Slow Cooker Sausage Ricotta Meatballs
source: inspired by Simply Recipes

1 pound hot Italian sausage
1 pound sweet Italian sausage
2 ounces pancetta or bacon, diced
1 medium onion, diced
4 cloves garlic, minced
1/2 cup fresh flat-leaf parsley, chopped
4 slices white bread, torn into pieces
2 teaspoons Italian seasoning

Salt and pepper to taste
2/3 cup ricotta cheese
1/3 cup parmesan cheese
1 egg
1/4 cup milk
2 jars tomato basil spaghetti sauce

1. In a medium saucepan, cook pancetta or bacon over medium heat until softened but not quite crispy. Add onion and cook until softened. Add garlic and cook, stirring constantly, for 30 seconds. Add salt and pepper to taste. (You probably won't need a lot of salt since the pancetta is already so salty.) Remove from heat.

2. Meanwhile, pulse pieces of bread into fine crumbs in a food processor.

3. Combine sausage, parsley, fresh bread crumbs, Italian seasoning, and salt and pepper to taste in a large bowl.

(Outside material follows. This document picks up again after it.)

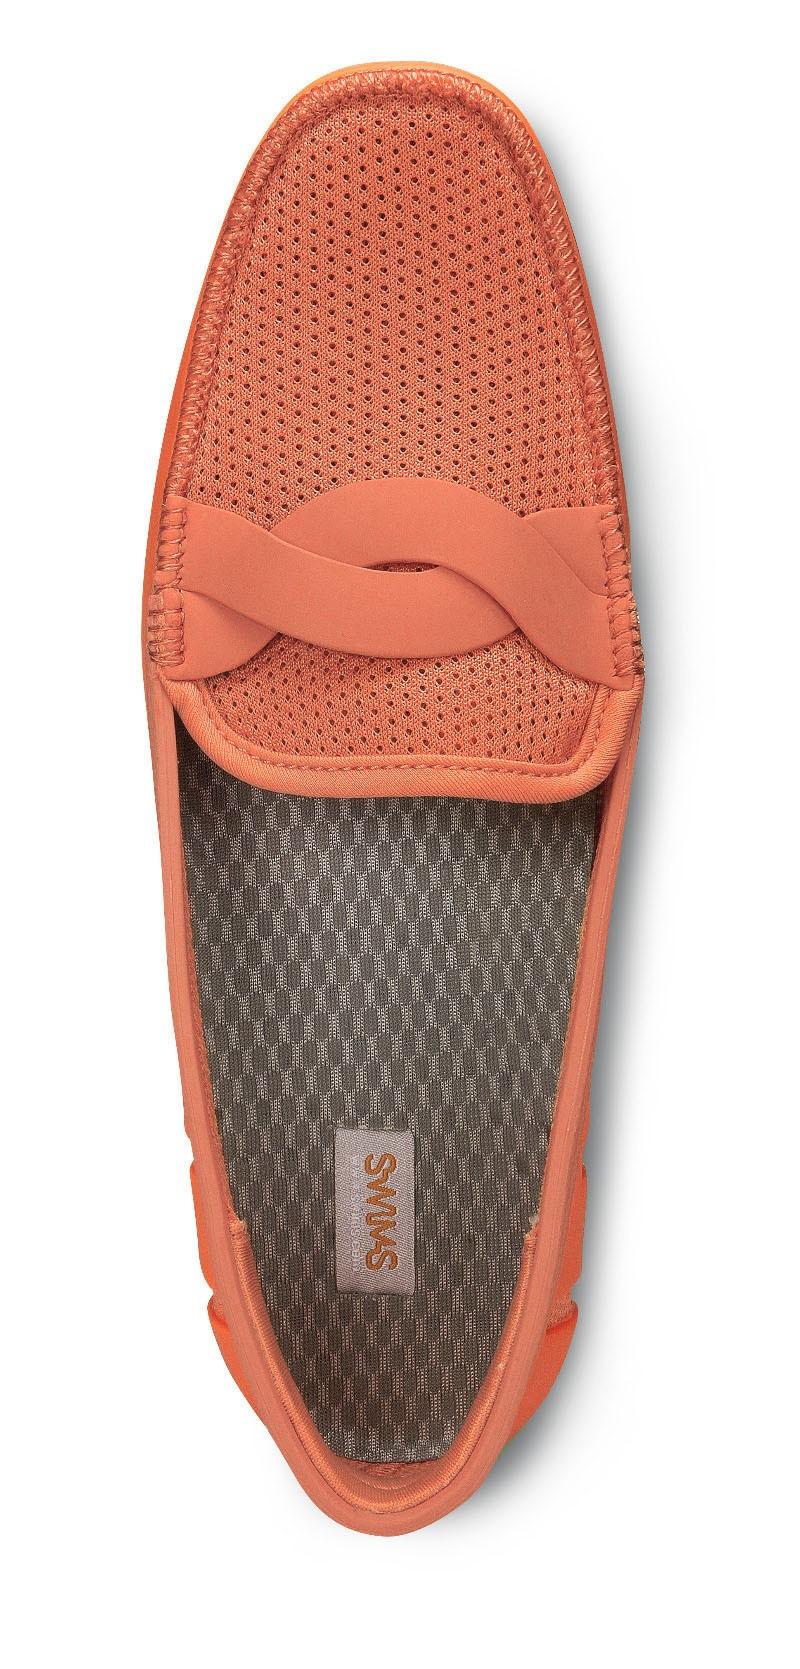 Мокасины Swims Braid Front, коралловые

Add pancetta, onion, and garlic mixture. In a separate bowl, combine ricotta cheese, parmesan cheese, egg, and milk; add to meat mixture.

4. Shape meat into balls. (I made mine about the size of golf balls, maybe a little smaller, and got 34 meatballs out of the mixture.) Heat a small amount of olive oil in a large skillet over medium heat. Fry meatballs in batches until browned but not necessarily cooked through.

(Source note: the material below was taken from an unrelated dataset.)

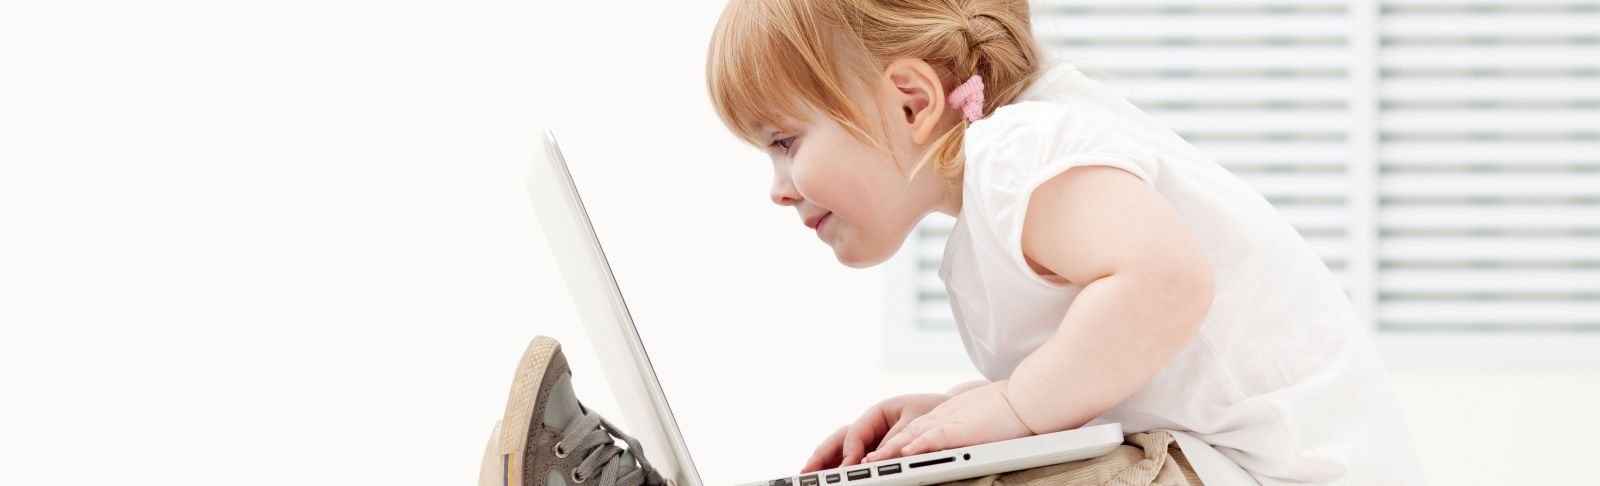 Les eines digitals ja formen part dels recursos educatius   Acistock

5. Place about half a jar of spaghetti sauce in the bottom of a slow cooker; layer in meatballs and remaining sauce. Cover and cook on low until sauce is bubbly, about 3 hours.

2 comments:

Katie said...

Meatballs are my favorite go to item to get multiple meals out of. I must admit though mine come straight from the frozen foods section. One night is meatball subs the next is spaghetti and meatballs. That still usually leaves us with enough to munch on. Yours look really tasty!

Courtney said...

oh yummy these sound great! I am going to have to try these!